If the database table has a column containing an incremental field, you can set up the extractor to only process new or updated rows since the last extraction. An incremental field is a field that increases for new entries, such as time stamps for the latest update or insertions if the rows never change, or a numerical index.

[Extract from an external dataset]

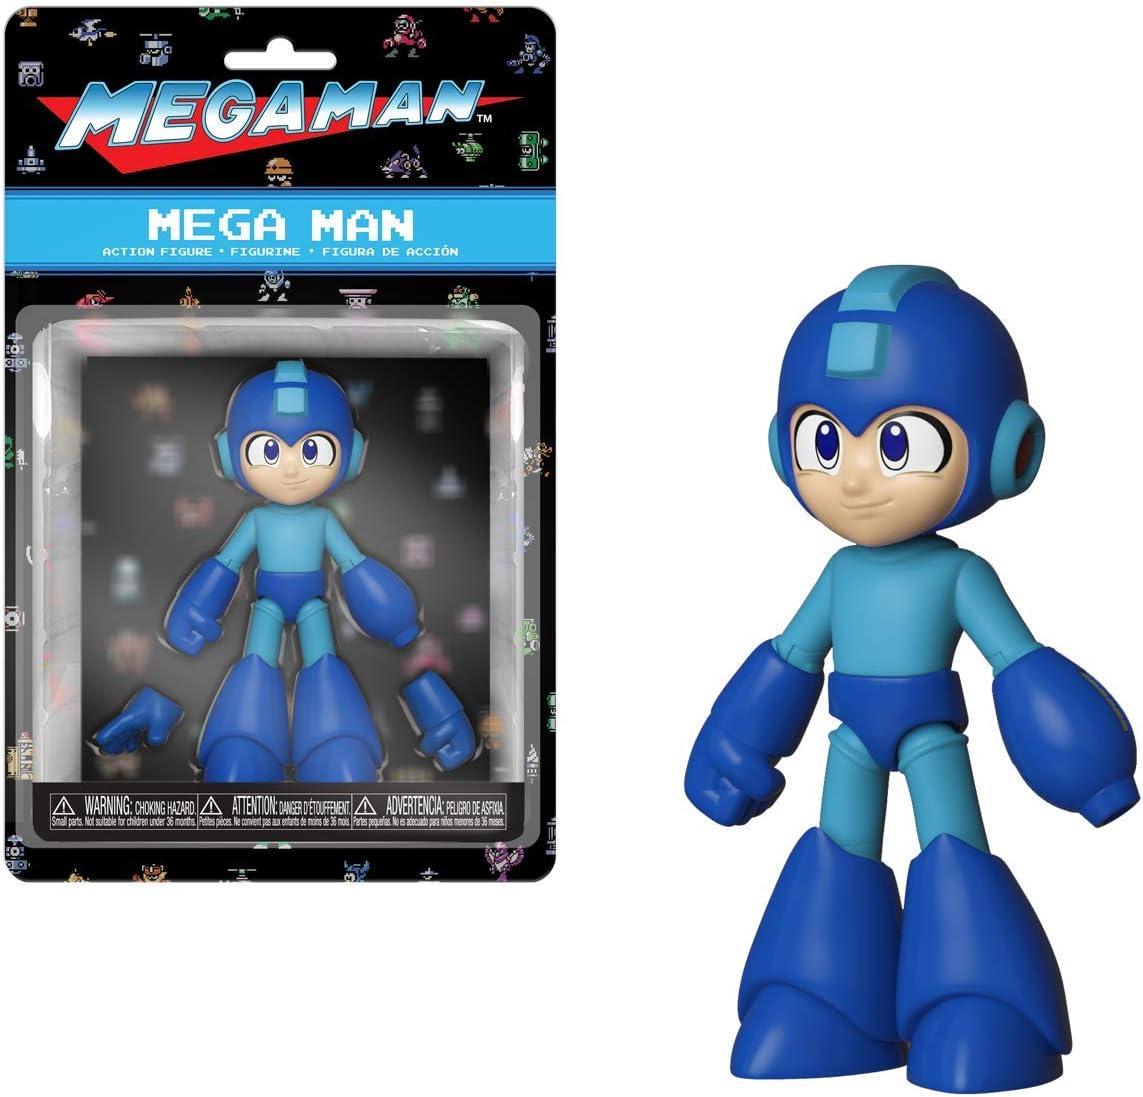 Mega Man Mega Man Funko Action Figure
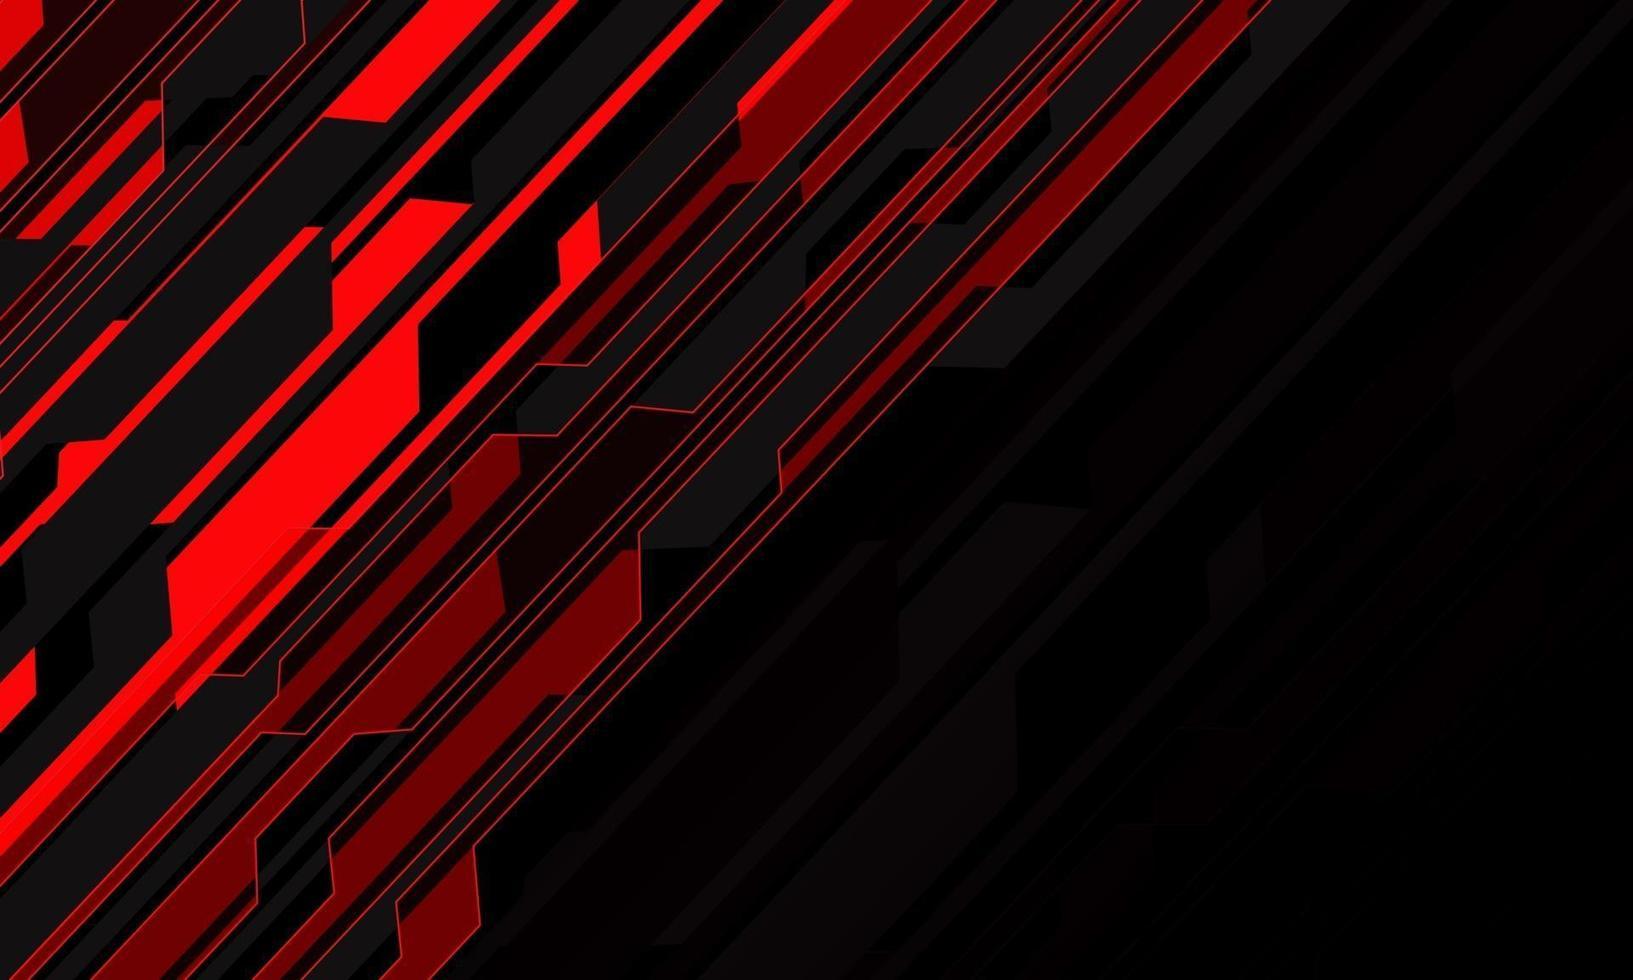 abstrakt rött ljus krets cyber snedstreck på svart tomt utrymme design modern futuristisk teknik bakgrund vektorillustration. vektor

To load data incrementally for a query:

<Steps>
  <Step title="Configure state store">
    Include the `state-store` parameter in the `extractor` section of the configuration.
  </Step>

  <Step title="Set incremental parameters">
    Include the `incremental-field` and `initial-start` parameters in the query configuration.
  </Step>

  <Step title="Update SQL query">
    Update the SQL query with a `WHERE` statement using `{incremental-field}` and `{start-at}`. For example:

    ```sql theme={"languages":{"custom":["/_languages/kuiper.json","../_languages/kuiper.json"]}}
    SELECT * FROM table WHERE {incremental-field} >= '{start-at}' ORDER BY {incremental-field} ASC
    ```
  </Step>
</Steps>

If the query returns many rows, consider paging the results with the `LIMIT` statement. Be aware that this demands a well-defined paging strategy. Consider this example:

```sql theme={"languages":{"custom":["/_languages/kuiper.json","../_languages/kuiper.json"]}}
SELECT * FROM data WHERE {incremental-field} >= '{start-at}' ORDER BY {incremental-field} ASC LIMIT 10
```

<Warning>
  **Multiple rows with identical values in the incremental field**

  If 10 or more rows have the same time, the `start-at` field won't be updated since the largest value of the incremental field didn't increase in the run. The next run will start with the same value, and the extractor is stuck in a loop. However, changing the query from `>=` to `>` can cause data loss if many rows have the same value for the incremental field.

  Therefore, set a sufficiently high limit if there are duplicates in the incremental field and you're using result paging.
</Warning>

There might be a slight boost in the extractor runtime if the database has an index on the incremental field. However, for a standard run of the DB extractor, network delays are often the main bottleneck for performance, so usually, the difference is minimal.